For 54 years, Russia supplied natural gas and oil to Europe. In less than 54 weeks, Vladimir Putin brought this billion dollar business to a complete standstill with his attack on Ukraine. It will probably never recover from this.

In 1968, Austria was the first Western European country to sign a gas supply contract with the then Soviet Union. Two years later, the first pipeline between the two blocks was built, the Transgas pipeline that still exists today. But it was only after the dissolution of the Soviet Union that deliveries flourished. More and more pipelines for oil and natural gas were built. Russia only developed fields in the Barents Sea and the Yamal Peninsula so that the gas could be delivered from there to Germany and Western Europe. At peak times, more than 400 billion cubic meters of natural gas and 220 million barrels flowed from Russia to the EU.

That ended almost a year ago. With the Russian attack on Ukraine, energy exports fell continuously. Partly Russia wanted this to put Europe under pressure, partly it was wanted by Europe to punish Russia for its illegal attack. Meanwhile, the two Nord Stream pipelines in the Baltic Sea have blown up, the Yamal and Druzhba pipelines have been shut down, and an embargo on crude and processed oil has also ended all tanker shipments. Smaller quantities of natural gas are only delivered to Bulgaria via the Turkstream pipeline in the Black Sea.

This is a huge financial loss for Russia. Although oil and gas revenues were still booming in 2022 due to the sharp rise in world market prices, this will end with the EU oil embargo at the latest. The problem: Russia finds it difficult to divert its oil and gas to other countries. The entire infrastructure in the west and northwest of the vast empire is designed for pipeline exports to Europe. Corresponding tubes, for example to China or India, do not exist, or only from Siberian fields, whose capacity is far lower. To connect the western fields, Russia would have to build pipelines thousands of kilometers long. This is theoretically possible, but very time-consuming and expensive.

At the same time, Russia had already invested huge sums in anticipation of increasing exports before the war. Seven gas fields with a combined output of a maximum of 168 billion cubic meters per year are to be developed by 2030 on the Yamal Peninsula alone. According to economists, construction will cost up to 200 billion euros, half of which Russia has already invested. These are sums that seem wasted given the new situation in world politics.

The question is whether Europe will ever import oil and gas from Russia again, even if the war in Ukraine ends and Russia perhaps gets a new, more world-friendly government. Finally, last year’s energy crisis made Europe realize just how dependent it had previously been on Russia. According to the University of Cologne, around 47 percent of all natural gas imports in the EU in 2019 came from Russia, as well as 27 percent of oil. In Germany, the proportions were sometimes even more extreme.

That made politicians wake up in the energy crisis. In the meantime, almost all countries have converted their supplier network at record speed. LPG is arriving from the US, North Africa, Central Asia and soon the Gulf States, Norway has increased supplies to the south. Germany is building several liquid gas terminals in the North Sea, and all EU countries are accelerating the expansion of renewable energy. No one wants to become dependent on Russia again after the war is over.

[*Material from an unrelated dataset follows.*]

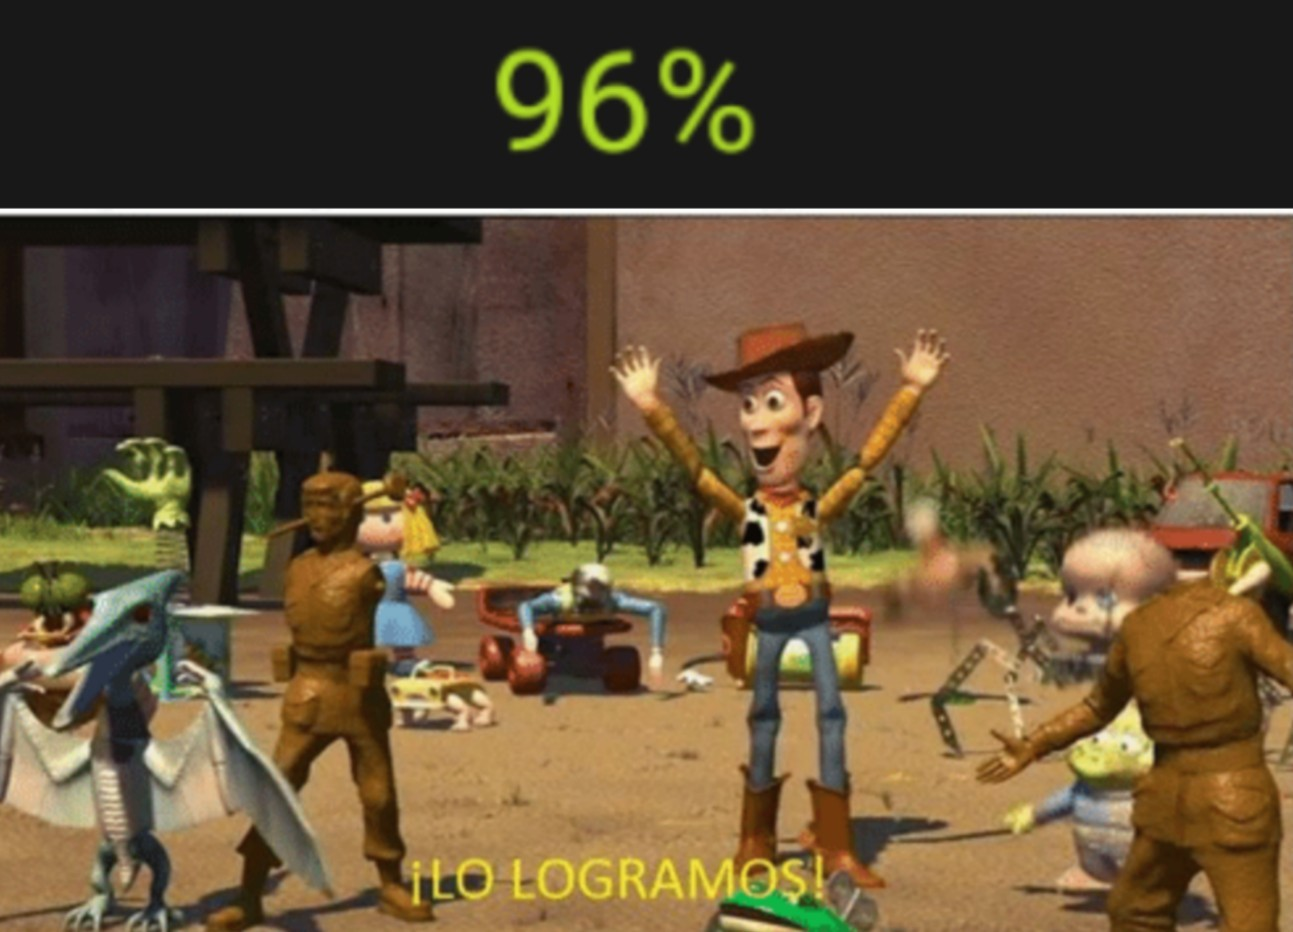 96% - meme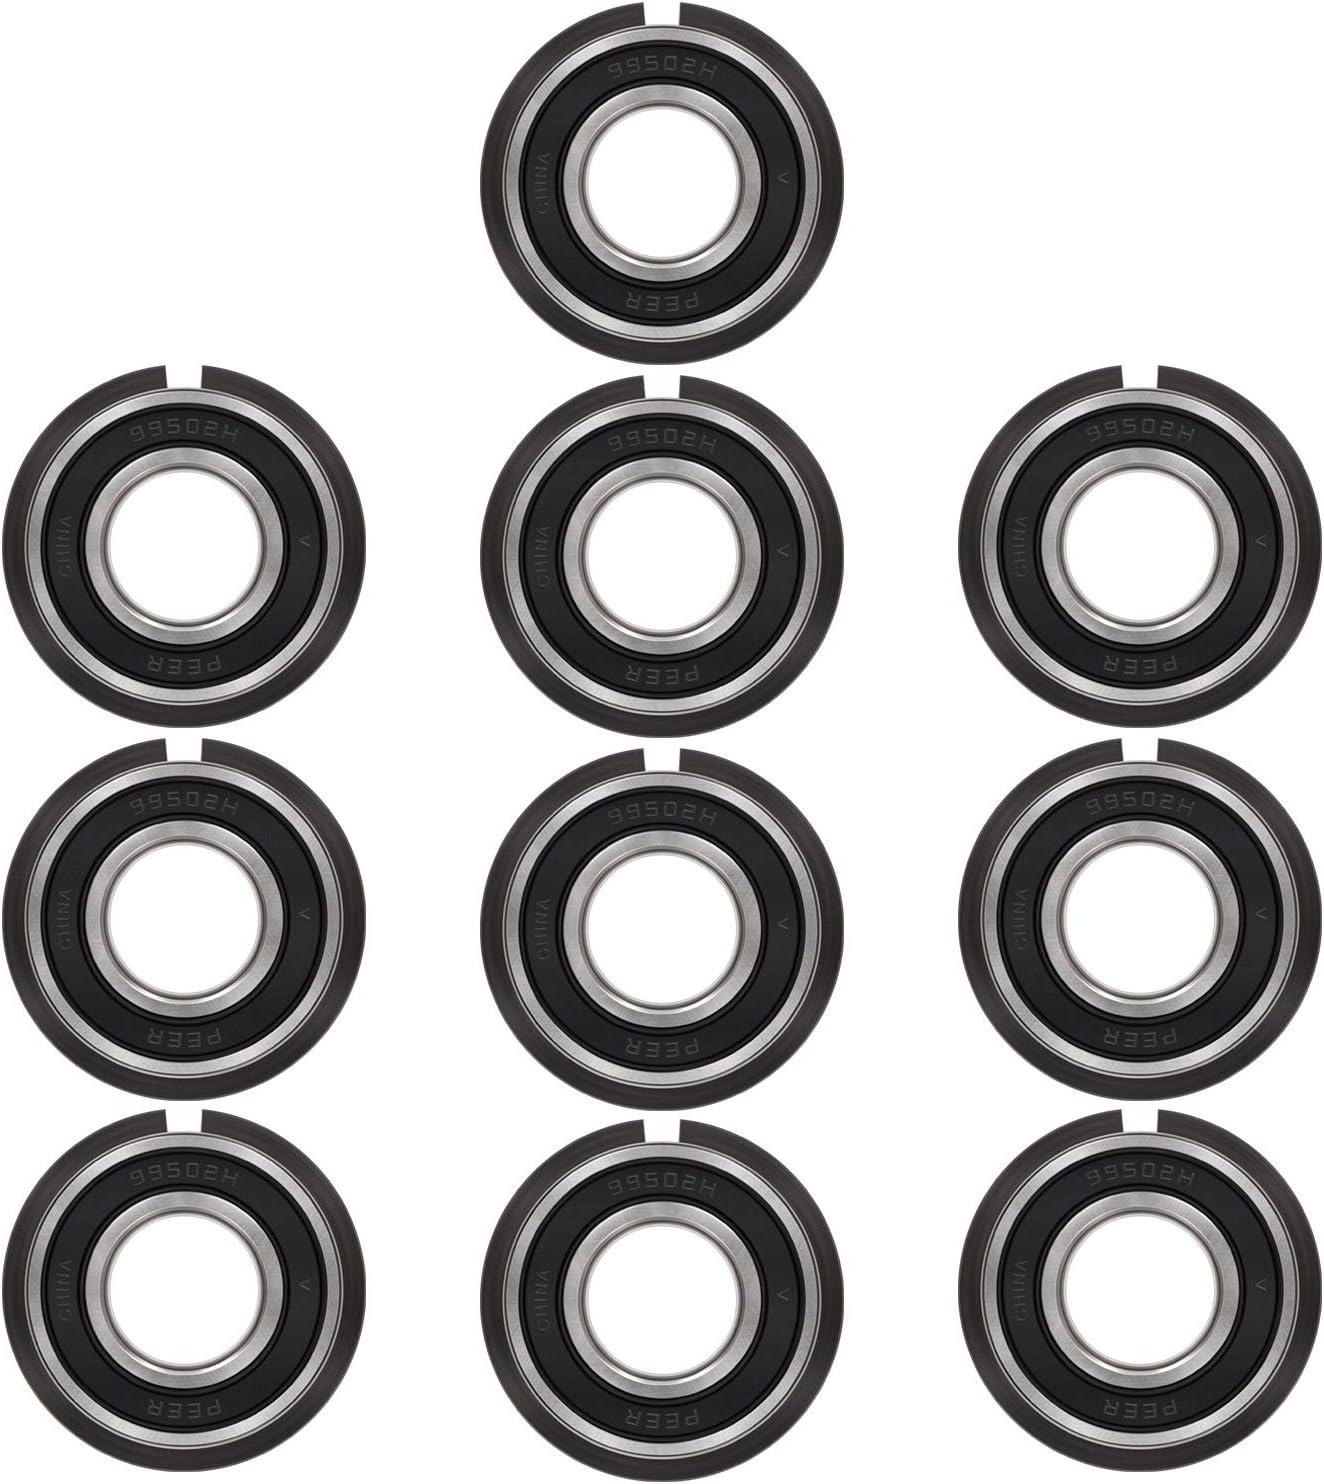 Double Seal 1//2 x 1-1//8 x 1//2 inch Deep Groove Ball Bearings Bonbo 4 Pcs Ball Bearings Wheelbarrows for Lawn Mower Carts and Hand Trucks Wheel Hub

Conversely, this means that Russia will never again have such a large energy deal with Europe as it did before the war. It is likely that the giant empire will again become one of the suppliers of natural gas and oil in hopefully soon peacetime – but only to a much smaller extent than before the war.

Asian countries will not be able to compensate for this either. While Russia has secured a large share of the Indian oil market, it has come at a cost. In some cases, Russian suppliers have to give discounts of up to $35, or up to 40 percent, depending on the current oil price. India is happy, the billionaire gets oil from Russia cheaper than from any other source. It now accounts for 25 percent of the market on the subcontinent. However, it is only about crude oil. Russia has not yet found any significant new buyers for refined oil, such as gasoline and diesel.

The tragic thing is that the situation could have been avoided for Russia. All Vladimir Putin would have had to do to continue raking in several hundred billion euros from Europe was not to invade Ukraine. That sounds like it’s actually quite easy. So the war has another unpleasant side effect: while Europe is laboriously and painfully ending its own dependence on Russia for energy imports, it is a warning to other countries. China and Russia may buy more oil and gas from Russia than before, especially if they get discounts for it, but never in such large quantities that they make themselves dependent on Europe as they have up to now.